→ **Aim of the task**:
Make an exact copy, without pictures, of the lines below from the one containing "Relac Sandals In Black Suede - black" to the last line, both ends included.

→ **Collected data**:

──────

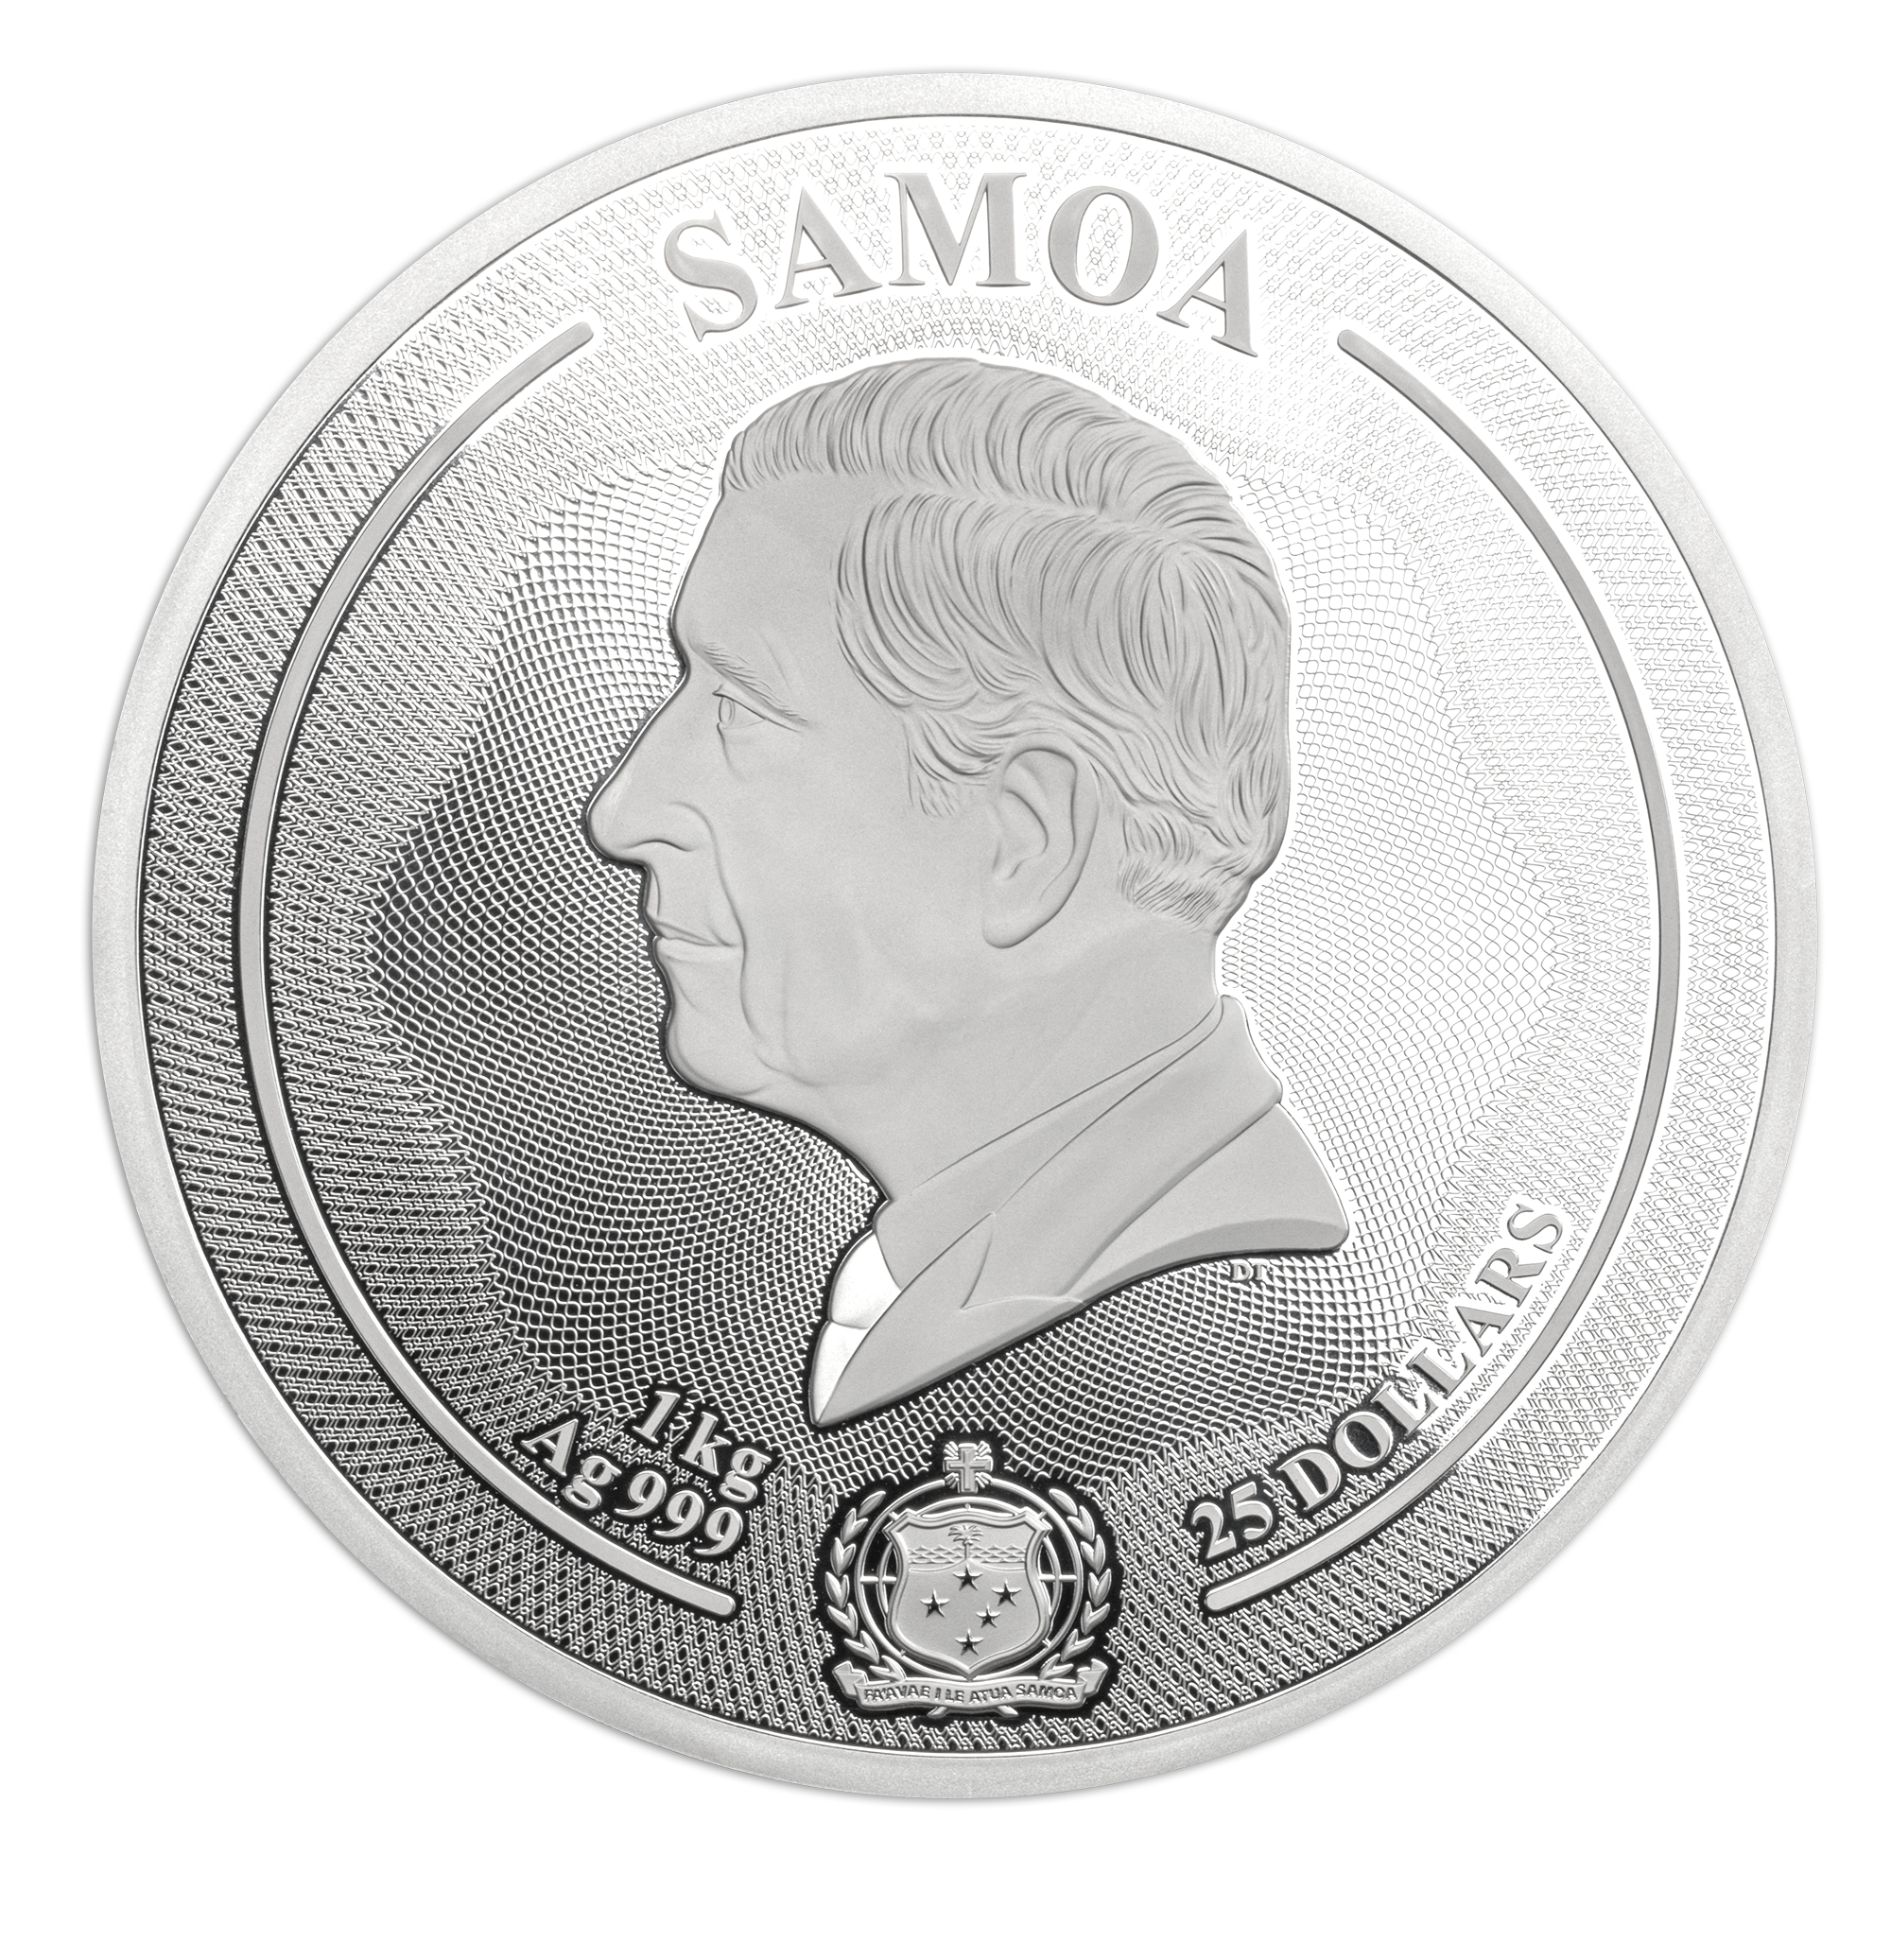 FOX Majestic Wildlife 1 Kg Kilo Silver Coin $25 Samoa 2024
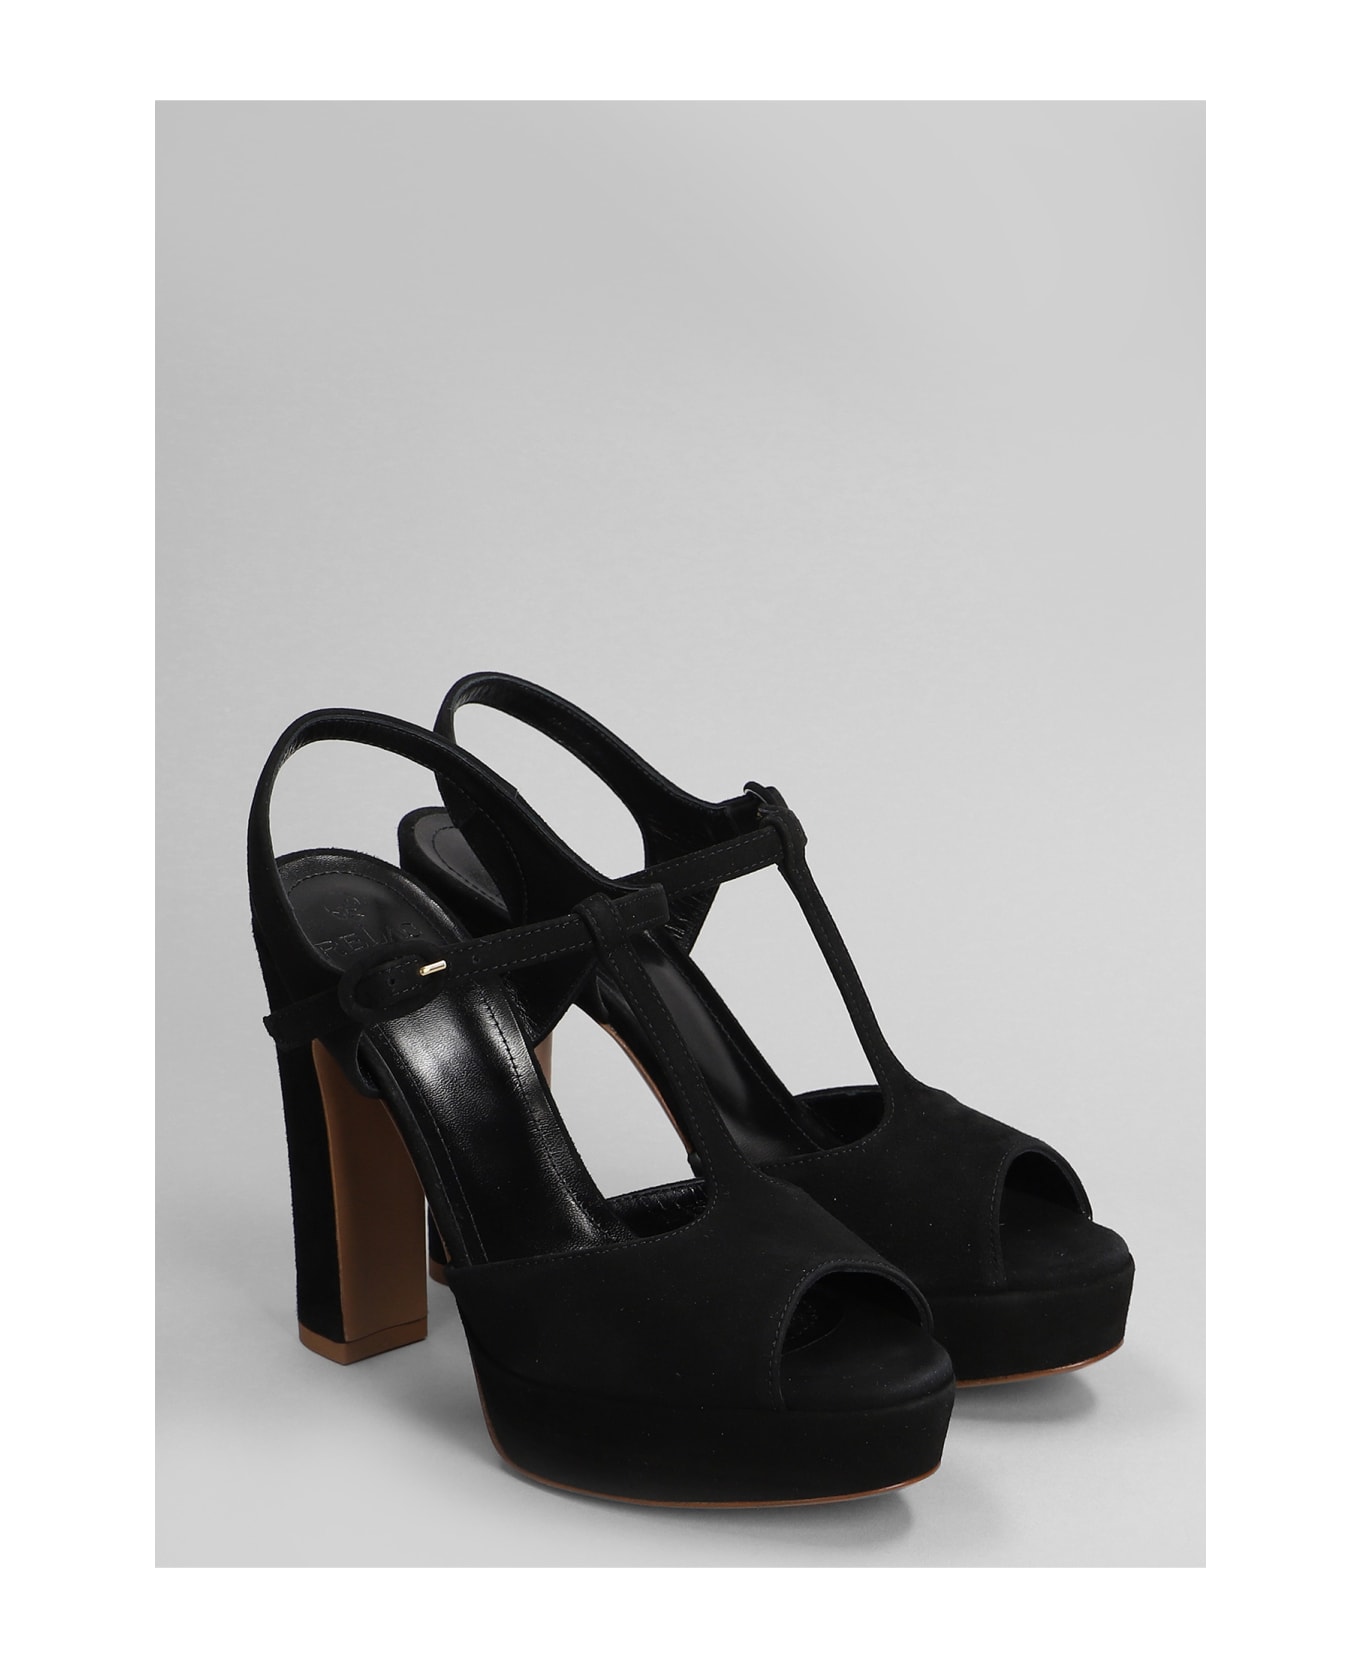 Relac Sandals In Black Suede - black
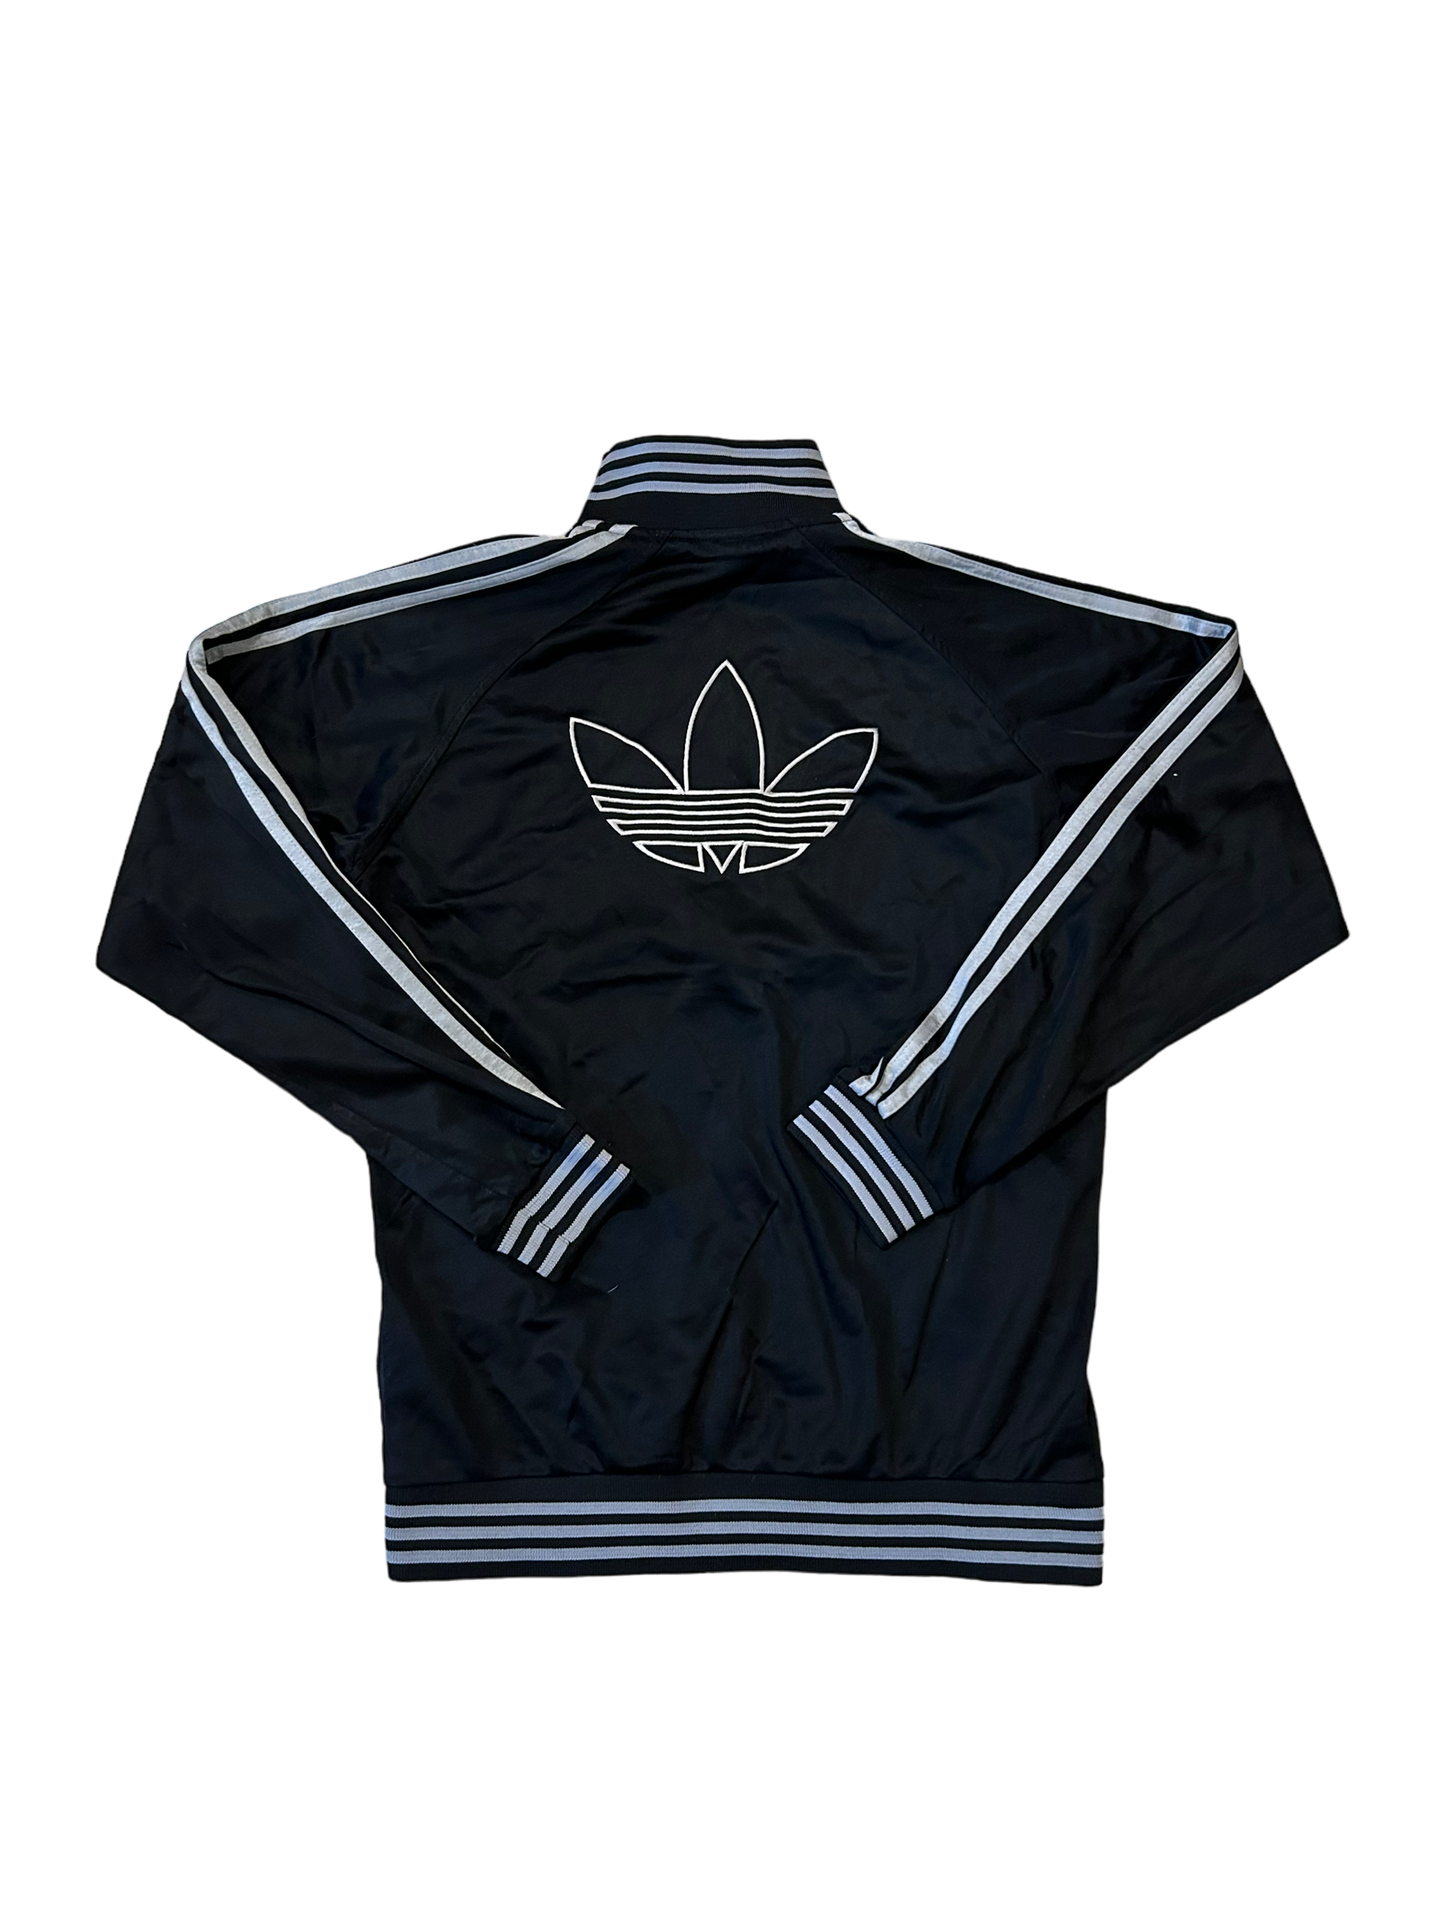 Vintage Adidas Originals Jacket

──────

→ **Response for this exercise**:
 Relac Sandals In Black Suede - black
 Vintage Adidas Originals Jacket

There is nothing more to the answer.